Especie cinegética

El alegre zorzal, vivo o en la mesa

El amor por las aves que heredó de Mauricio González-Gordón, uno de los más insignes conservacionistas, artífice de la protección de Doñana y la creación de la SEO, no impide a su hija Bibiana ensalzar las cualidades culinarias de esta especie

El zorzal, una especie característica por sus lunares marrones B. González-Gordon

Bibiana González-Gordon

La primera vez que vi un zorzal estaba, el pobre, de cuerpo presente: sin plumas y con las patitas para arriba. Supe lo que era porque alguien me lo comunicó antes de meterlo, a él y a sus compañeros mártires, en la olla con las cebollas rehogadas y medio litro de buen oloroso. Comprendo que son una exquisitez, pero hay cosas a las que prefiero renunciar y esta es una de ellas. Me gustan más vivos que guisados. En otoño vienen del norte y centro de Europa, en grandes bandos , a pasar el invierno. A muchos los cazan nada más llegar y van a la olla como los primeros que vi. Me da mucha pena, pero eso no impide nada.

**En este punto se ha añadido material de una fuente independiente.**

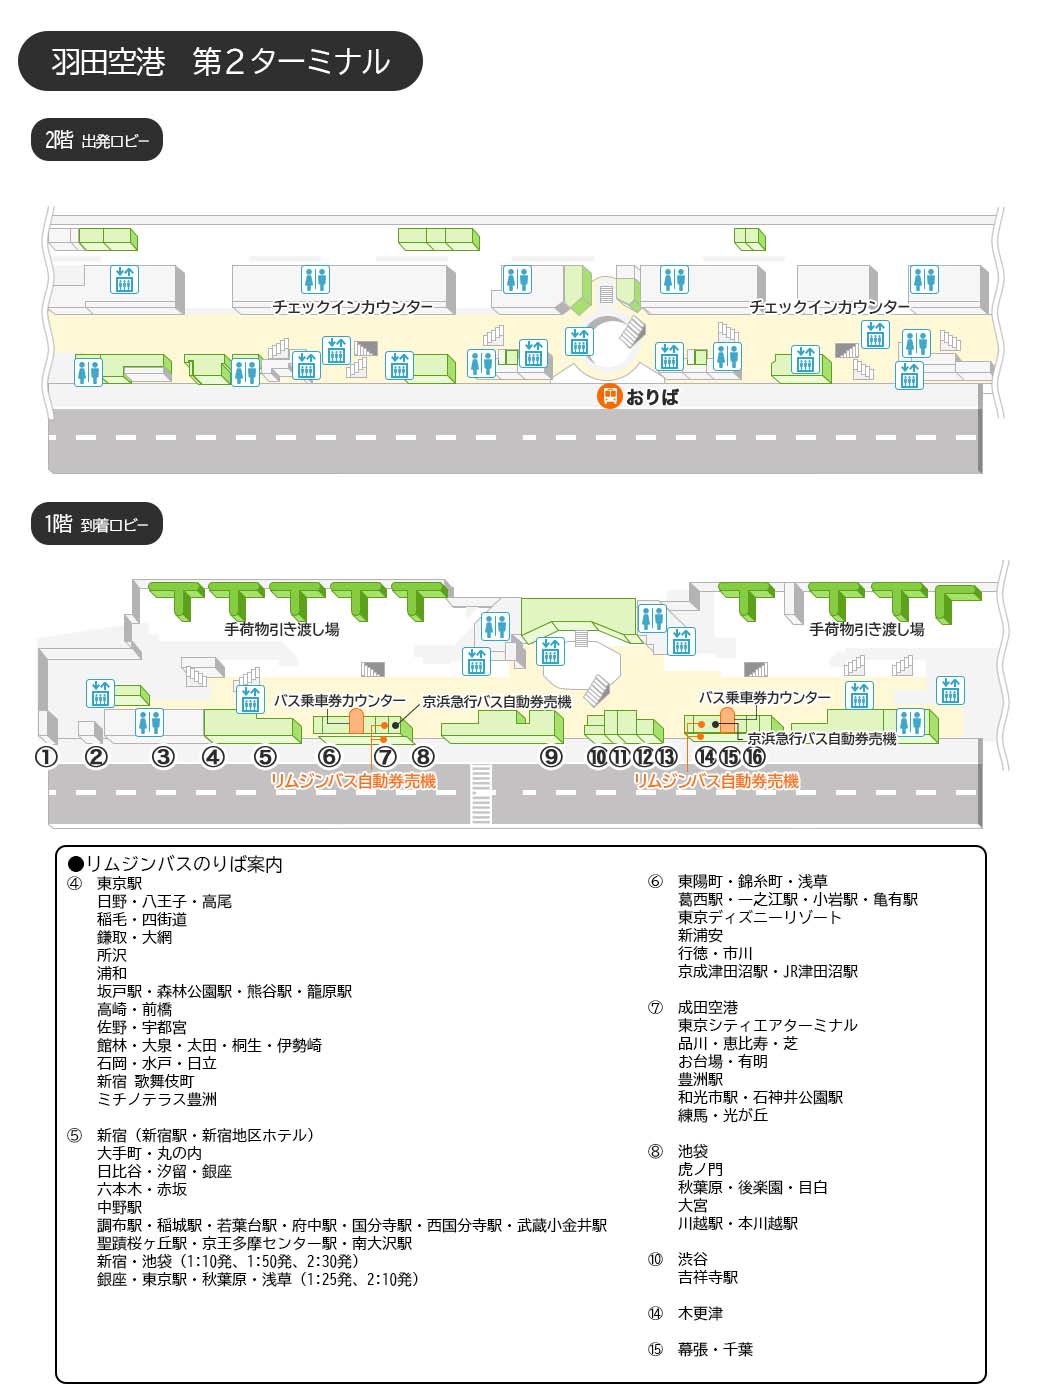 リムジンバス時刻表 リムジンバスの東京空港交通

Ahora, eso sí, si acaban en el plato, soy exigente con la forma de comerlos. Las pechugas, con cubiertos; pero las minialas y los muslos con las manos, mordiéndolos delicadamente y dejando los huesecillos limpios y relucientes. Todo puede hacerse monamente, decía mi abuela. Y el zorzal se merece que no sobre nada de él.

Además de los visitantes, en el norte de España hay grupos residentes que anidan allí en primavera . Se alimentan de aceitunas, lombrices y caracoles a los que les rompen la concha contra una piedra que les sirve de yunque. Sus nidos tienen forma de copa, los hacen con hojas secas y los revisten de barro. No anidan muy alto y los huevos son azul claro con pintas negras. A los pollos los alimenta la pareja.

Ayer tuve la suerte de que viniesen tres al jardín. Me tuvieron entretenida durante un buen rato. Intenté fotografiarlos y no había forma. Saltaban alrededor de los goteadores de agua, entre las plantas, se perseguían y jugaban encantados. Por fin, uno de ellos se posó junto a las macetas, al sol. Estuvo un rato dándome la espalda pero, cuando estaba a punto de darme por vencida y soltar la cámara, se volvió hacia mí enseñándome su pechuga de lunarcitos marrones con todo el orgullo del que era capaz. Espero que estos tres, a los que ya considero mis conocidos, tengan la fortuna de llegar a su destino pasado el invierno. Sería buena señal.